Prof. Dr. Önder Kutlu
Prof. Dr. Önder Kutlu ÇÖZÜLMEMİŞ PROBLEMLERİMİZ

ÇÖZÜLMEMİŞ PROBLEMLERİMİZ

Toplum olarak çözülmemiş o kadar çok meselemiz var ki, ne kadar çalışsak azdır. Osmanlı’nın son dönemi milletimiz açısından bir restorasyon dönemi olamadı. Tüm iyi niyetli çabalara rağmen o zamana kadarki problemlerimiz daha da karışık ve karmaşık hale geldi.

Cumhuriyet, var olan meselelerimize yenilerini ekledi. Etnik köken, dini kaygılar ve milletin birliği konularında kafalar daha da karıştı. Toplum yönünü tayinde bir kat daha zorlandı.

Çözülemeyen meselelerimizin başında dinin toplumdaki yeri ve devletin dine ve dinin gereklerine karşı bakış açısı gelmektedir. Mesela başörtüsü üzerinden yürütülen ve ‘devlet-millet’ meselesi haline getirilen tartışmaları toplumu çok germişti.

Miras, ticaret ve ekonomik faaliyetler gibi temel konulara eğilmek hiç mümkün olmadı. Faiz, zekat, kredi kartı, alışveriş, kar, ortaklık gibi konularda herkesin kafası karışık. Sanayinin ve ticaret erbabının belki yönelmekten korktuğu, belki de çözülmesi için konunun ehline müracaat ettiğini biliyoruz.

İşte bütün ve konularda İslamiyet’in ne dediğini, İslam hukukçularının ne söylediğini öğrenmek üzere tertiplenen İslam Ticaret Hukuku Kongresi başarıyla gerçekleştirildi. Necmettin Erbakan Üniversitesi bu çalışmanın bilimsel boyutunu üstlendi. Konya Ticaret Odası ve Üniversitesi’nin paydaş olarak katıldığı çalışmalar sadece Konya’nın veya Türkiye’nin kafa karışıklığını gidermek için değil, tüm ümmetin meselelerine çözüm üretmek için mesai harcandı.

Takip edebildiğim oturumlar çok hareketli, çok bilgilendirici ve sonuca dönük geçti. Dini hassasiyetleri olan insanlar bu toplumun bir parçası. Ticari faaliyetlerini dini referansları doğrultusunda yürütmek istiyorlar.
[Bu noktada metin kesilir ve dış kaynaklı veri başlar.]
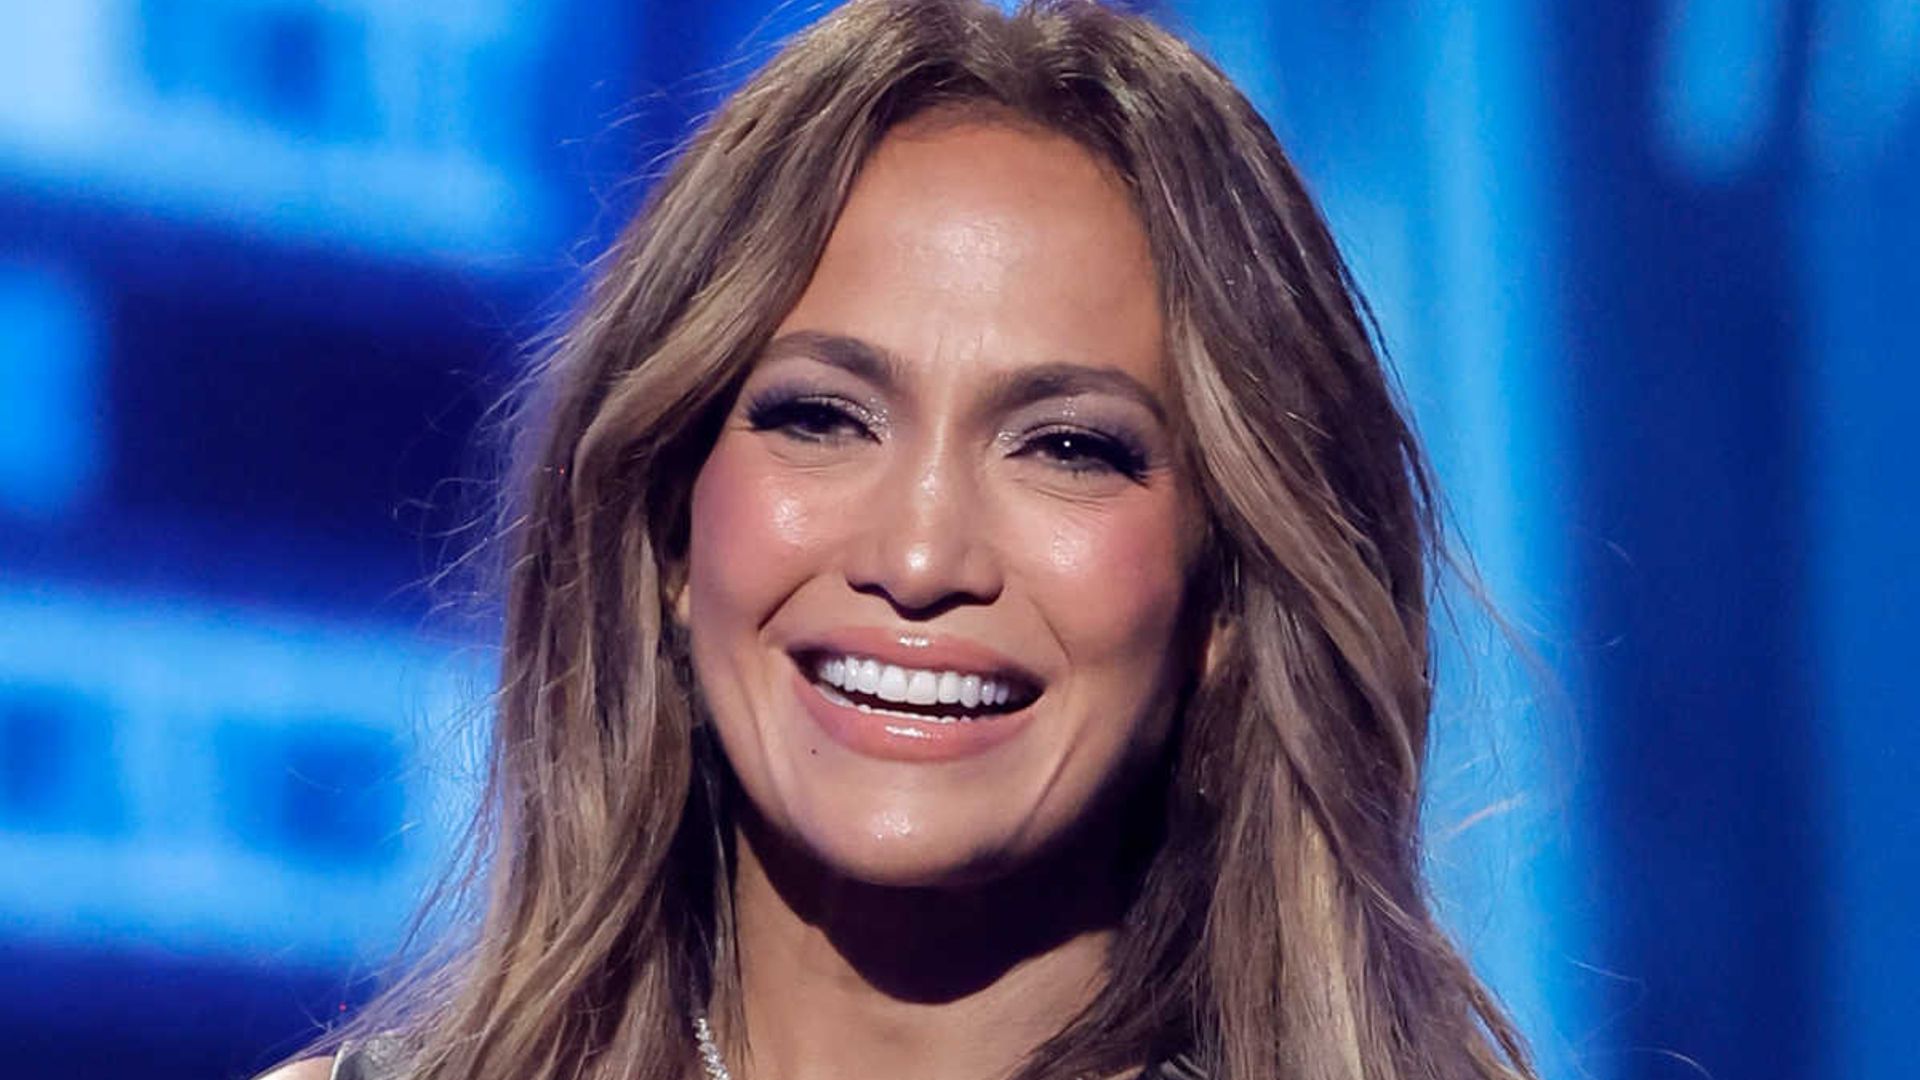 JLo’s eyelash curler is her secret beauty weapon – and it’s shockingly affordable

Dini ve geçim kaynağı arasında tercih yapmak durumunda kalmak istemiyorlar.

Türkiye’den ve dünyanın farklı coğrafyalarından gelen işinin ehli bilim adamları, alimler, fakihler çok değerli bilgilerini bizlerle paylaştılar.

İlki 19 yıl önce düzenlenen toplantılar bugün çok farklı meselelere kafa yormak üzere kurgulandı. Aradan geçen bu kadar zaman dilimi aslında Türkiye’de bu süre zarfında kaybedilen ve kazanılan zamanını ortaya koyuyor.

28 Şubat süreci bu hassasiyeti uzunca süre gündemimizden kaldırmıştı. Sermayeye renk yakıştıranlar, dini hassasiyetleri olan kişileri ve firmaları hedefe oturtanlar ve gizli ajandalarını millet üzerinden uygulama gayretine girenler hamdolsun bugün etkili değiller.

Aradan geçen zaman zarfında dini hassasiyeti olan insanların sayıları ve kaygıları arttı. Temel İslami konuları gündeme getirmek üzere çaba sarf ettiler.

Katılımcıların profili çok yüksekti. İlgi olağanüstü denebilecek düzeydeydi. Ama Kongre her şeyi çözmedi. Sadece çözülmesi için bir ortam oluşturuldu. Gündemimize oturdu. Bilim adamlarını motive etti.

Burada devletin, fakihlerin, bireylerin ve toplumun yapması gereken şeyler farklı farklı. Her biri kendi üzerine düşeni yapacaklar. Sözgelimi devlet dini kaygıları olan insanların taleplerine uygun yasal düzenlemeleri gündemine almak zorunda. Vakti zamanında, bilinçli tercihlerle verilmeyen hakların verilmesi için uygun şartlar var bugün. Mesela Prof. Dr. Hayretin Karaman hocamızın da dediği gibi, Katılım Bankası veya Özel finans kurumu kavramı yerine artık İslami Banka ismi verilebilmesi gerekiyor.

Bu sadece bir boyut. Diğer bütün boyutlar beraberce değerlendirilecek. Bize bu tartışmayı gündemimize taşıyan Necmettin Erbakan Üniversitesi ve Ticaret Odası ile Üniversitesine teşekkür etmek düşer.

Bundan sonra bu minval üzerine daha fazla kafa yorulacağını tahmin edebiliriz.